Of course, we are constantly reminded that in addition to providing state-of-the-art medical care, attempting to know the drug interactions between the dozens of bottles of prescriptions our patients take, reducing our rate of errors, avoiding litigation, billing Medicare correctly, and participating in political advocacy, we also should take a little time to counsel our patients (customers) about domestic violence, immunizations, alcohol abuse, and other issues. Small wonder that patients’ hidden agendas and subtexts slip past us; we simply can’t do it all.

But there’s one thing we can do, and that’s what I’m writing about. We can treat everyone with kindness. This is harder to quantify; it isn’t easily studied in double-blind, placebo-controlled, crossover studies. It can’t be readily evaluated on satisfaction surveys. It doesn’t lend itself to quality assurance meetings. Administrators aren’t comfortable with sending out a memo saying, ‘Let’s all be a little kinder.’ Furthermore, kindness is difficult. It can require a major effort of the soul to step out of the single-minded vision of our own schedule, or our own anger, and slow down long enough to speak gently or to touch a child with a reassuring hand.

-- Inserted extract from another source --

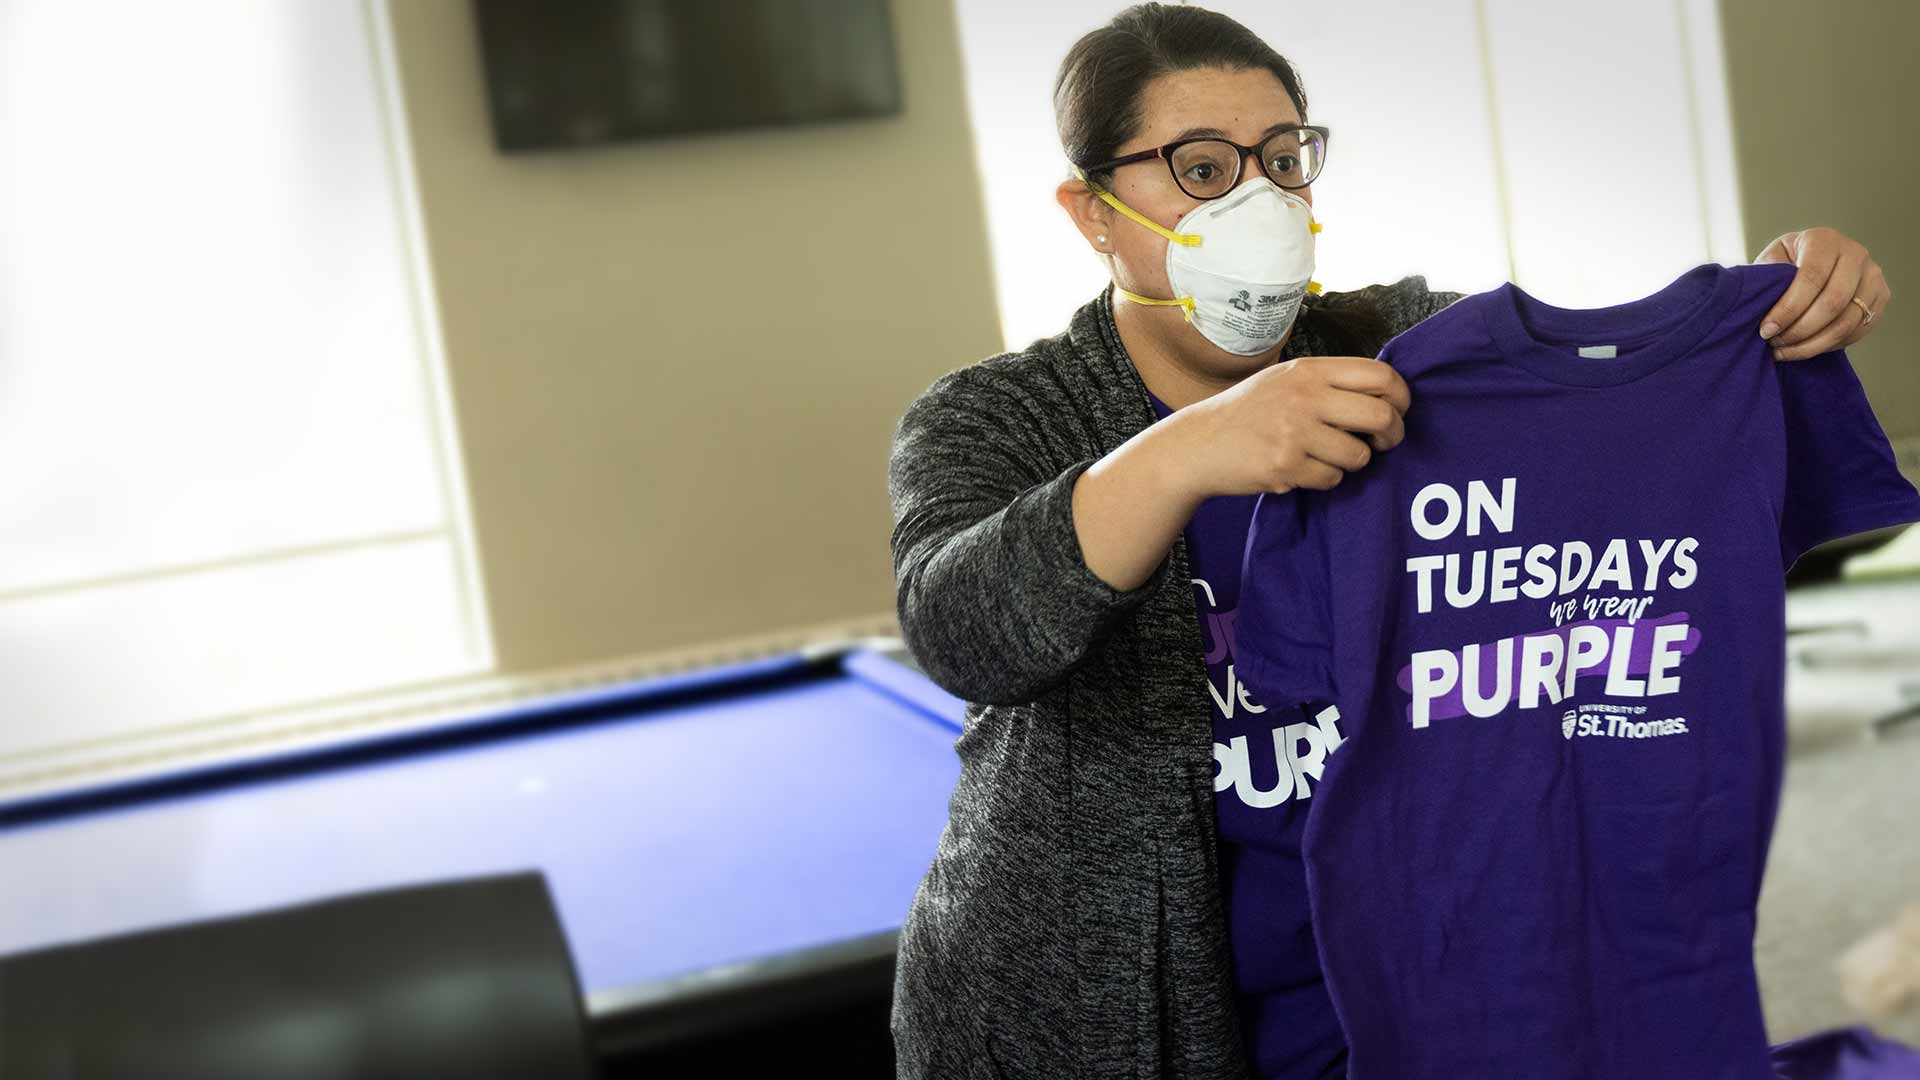 Staff handing out purple shirts

But that’s the beauty of it. Kindness, an unquantifiable quantity, helps us to care for our fellow humans with compassion as well as competence, and the combination is powerful. Kindness is voluntary, so those physicians who opt for it will, in the end, rise above their peers although not necessarily in ways that lead to position or profit, which too often favor cruelty or cold efficiency.

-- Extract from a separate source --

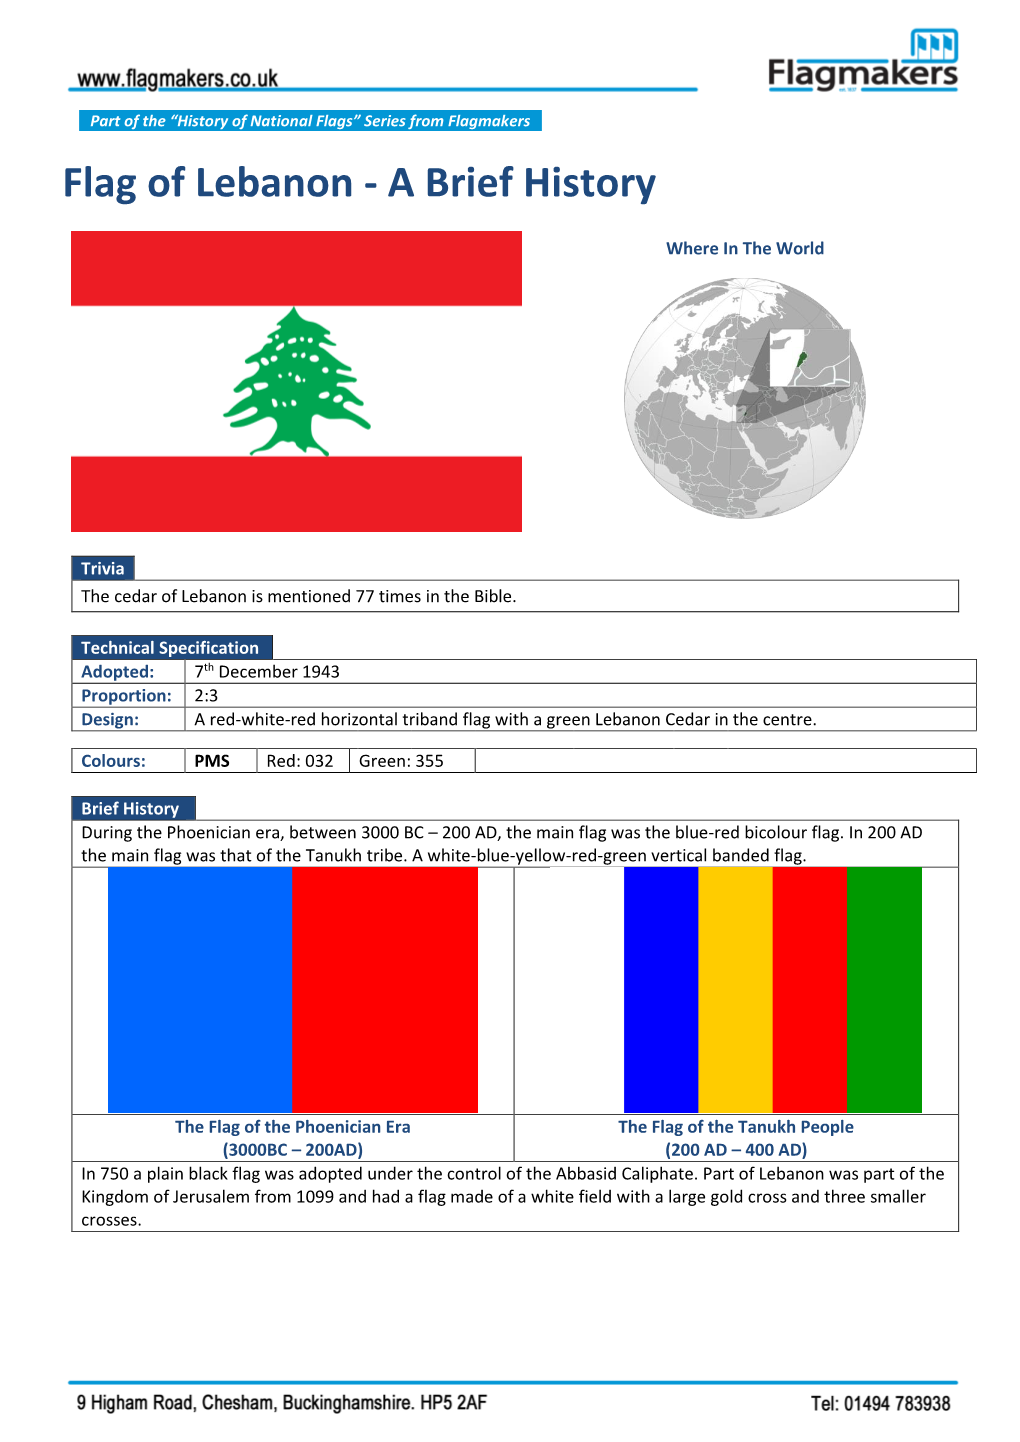 Flag of Lebanon - a Brief History

They will rise in ways imperceptible to the concrete markers of professional life. They will rise up in the hearts of the patients they care for, and (I believe) in the estimation of their Creator, whose children they are charged with healing and helping. My college physics professor at Marshall University in Huntington, WV, Dr. Elwyn Bellis, put it perfectly when he said, ‘Ah, but the reward for virtue is not in this life.’

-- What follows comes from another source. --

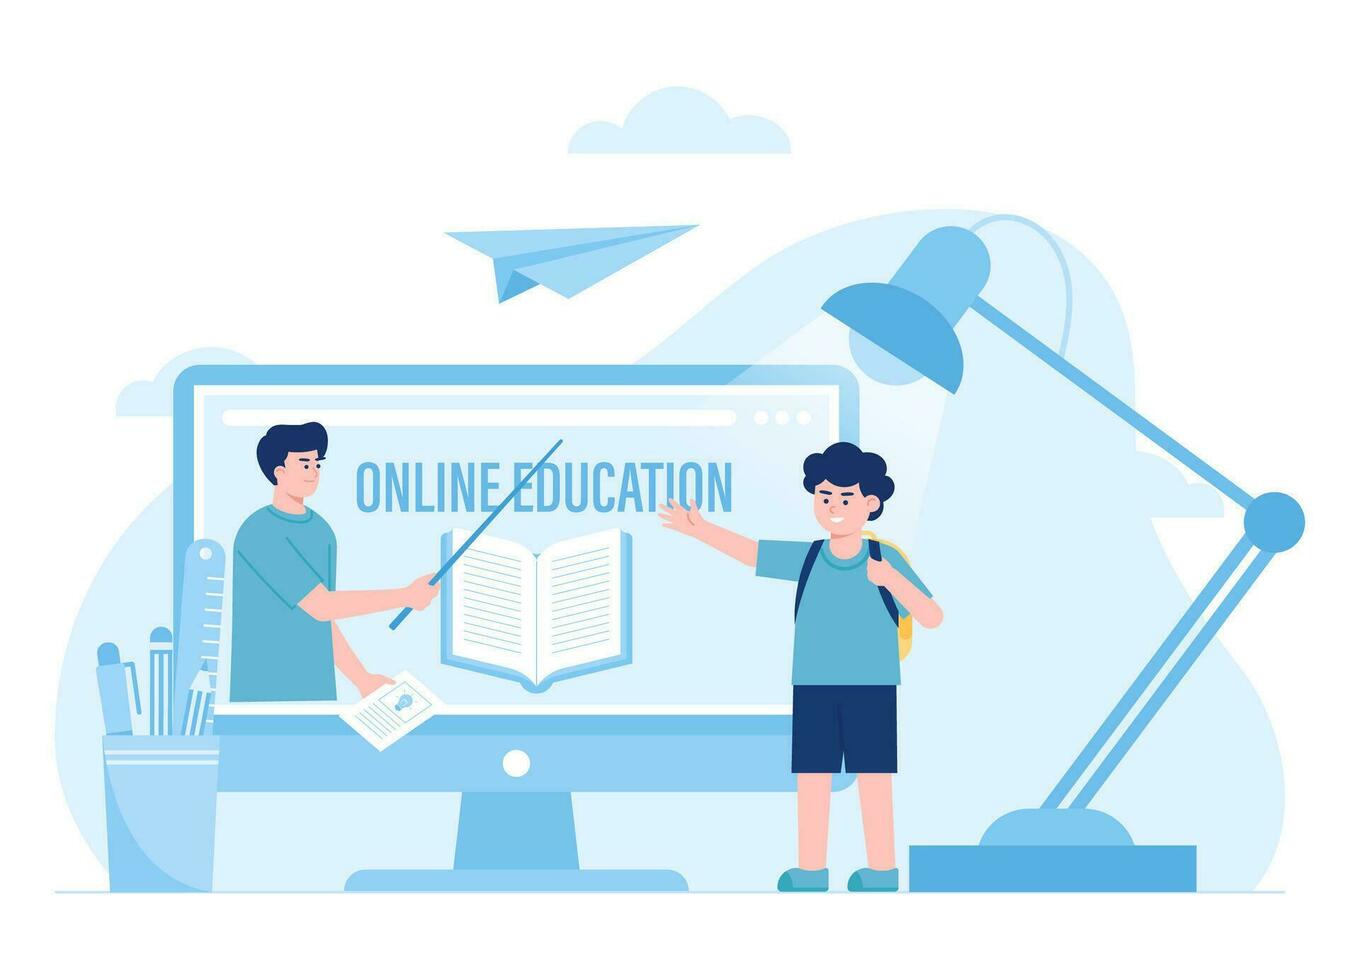 en línea educación para niños vía computadora concepto plano ilustración vector

Early last year, I came across a quote from another very wise man. His name was Philo of Alexandria, and he was a renowned Jewish scholar who lived at the beginning of the first millennium. He said, Be kind, for everyone you meet is fighting a great battle. He knew something about battles. In 40 B.C. he was sent to the Roman Emperor Caligula, whose disposition was far worse than anyone from our own federal government, to plead the case of Jews mistreated by Gentiles. He lived in a time when conquest and cruelty were the norm. Doubtless he experienced a fair amount himself in the 70 years he lived. Still, he came to the conclusion that everyone’s life is difficult, and that one of the best ways to treat people well is to remember that we do not always know what lies beneath the surface, behind their public faces.

Although it is often very, very difficult, I’ve tried to remember these sage words that came to me down 2000 years. Some nights, with some people, it’s as if Philo himself had said those words to me, to help me have perspective. Because I sure can complain. And in my complaining, I too often believe that my life is dramatically more difficult than the lives of my patients. But at the end of the day, I get in my car, drive to my home and see my family. That alone separates me from untold numbers of persons whose lives are total disarray and daily tragedy. Furthermore, although I see a lot of patients for free, I’ll still receive a good paycheck each month, and have money in retirement, insurance for my family’s illnesses, and a little extra for luxuries and vacations.

I fight my battles, but they’re mostly skirmishes with inconvenience. My job puts me in touch with persons whose battles are, without question, to the death. They battle with the world, and more often with themselves. The one thing I can do is show a little kindness, whether or not I make them better. In the end, it will help them and elevate me. And if I can finish a shift having accomplished this, my patients and I will all have profited.